Expand description
§Core support library for lexers and parsers generated by parlex-gen.
§Overview
Parlex is a suite of Rust-based tools for the generation of efficient lexical analyzers and parsers. The project comprises two complementary crates: parlex, the core support library, and parlex-gen, which provides the ALEX lexer generator and the ASLR parser generator. Together, these components form a cohesive and extensible framework for language parsing, analysis, and compiler front-end development.

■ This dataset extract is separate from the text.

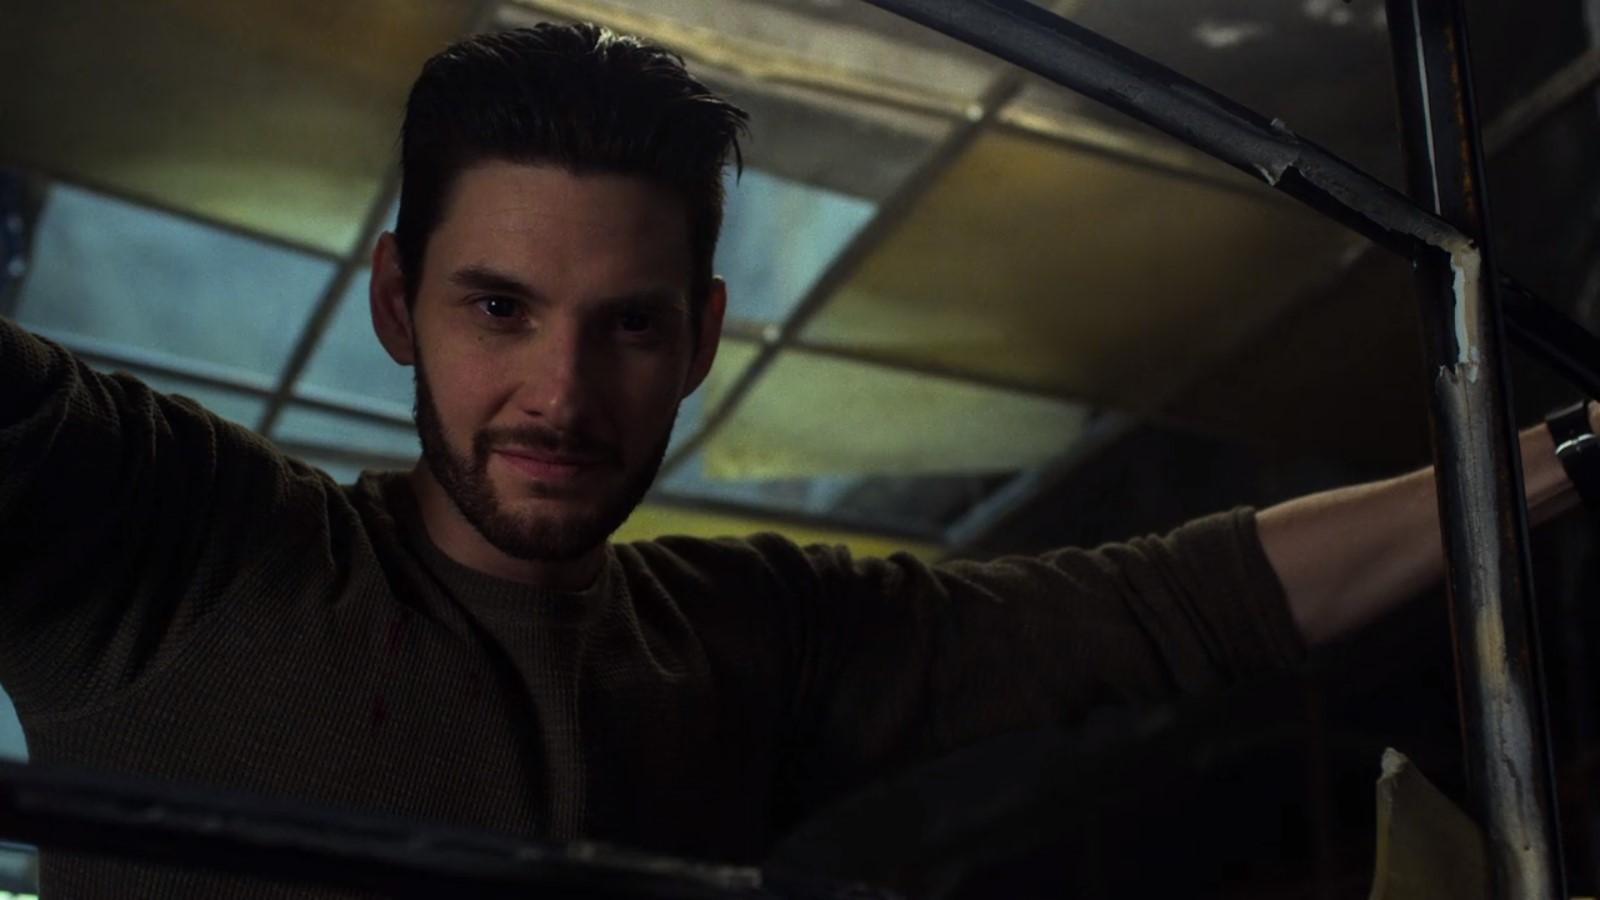 Praise For Ben Barnes' Outstanding Performance In 'The

The system is inspired by the classic lex (flex) and yacc (bison) utilities written for C, but provides a Rust-based implementation that is more composable and improves upon ambiguity resolution. Unlike lex and yacc, which interleave user-defined code with automatically generated code, Parlex maintains a strict separation between specification and implementation: grammar rules and lexer definitions are explicitly named, and user code refers to them symbolically.
The ALEX lexer generator offers expressive power comparable to that of lex or flex. It employs Rust’s standard regular expression libraries to construct deterministic finite automata (DFAs) that efficiently recognize lexical patterns at runtime. ALEX supports multiple lexical states, enabling precise and context-sensitive tokenization.

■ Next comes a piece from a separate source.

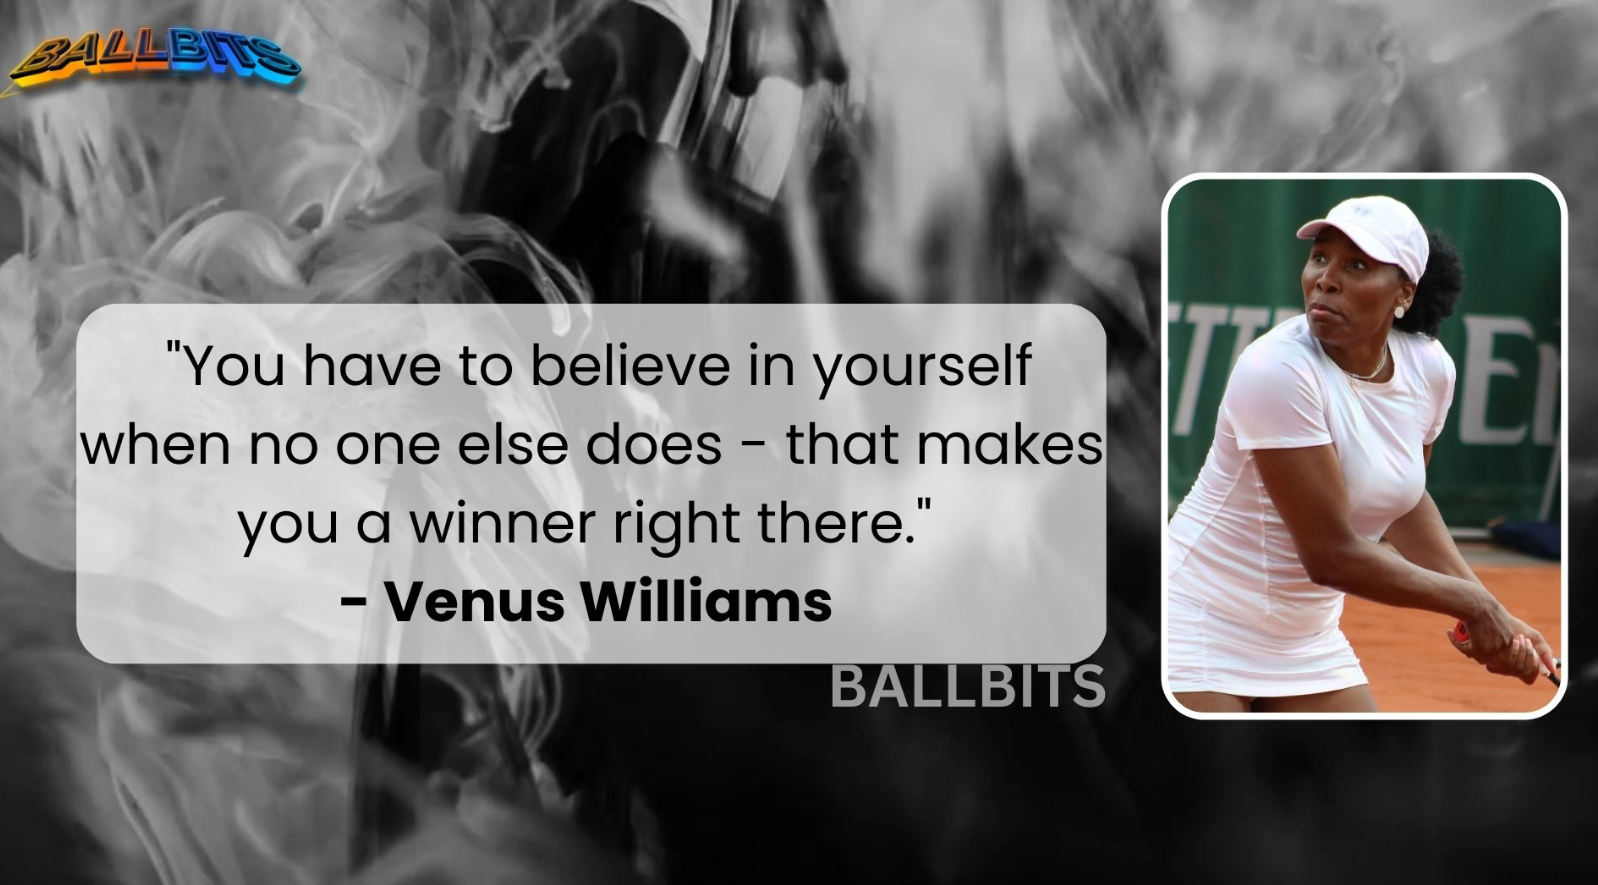 "You have to believe in yourself when no one else does - that makes you a winner right there." - Venus Williams

The ASLR parser generator implements the SLR(1) parsing algorithm, which is somewhat less general than the LALR(1) approach used by yacc and bison. However, ASLR introduces an important improvement: it supports dynamic runtime resolution of shift/reduce ambiguities, providing greater flexibility in languages such as Prolog, where operator definitions may be introduced or redefined dynamically.
The parlex crate serves as the core runtime and support library for the generated lexers and parsers. It defines the traits, data structures, and runtime abstractions that underpin the generated code, ensuring consistent behavior and interoperability across user-defined grammars. All lexers and parsers produced by the parlex-gen tools depend on this crate, and users extend its interfaces to build custom language processors based on their generated components.
§Usage
Add this to your Cargo.toml
:
[dependencies]
parlex = "0.1"
This crate is typically used in conjunction with code generated by parlex-gen
. See the
parlex-gen documentation for information on generating lexers and parsers.
§Example
use parlex::*;
// Your generated lexer and parser code will use parlex traits and types.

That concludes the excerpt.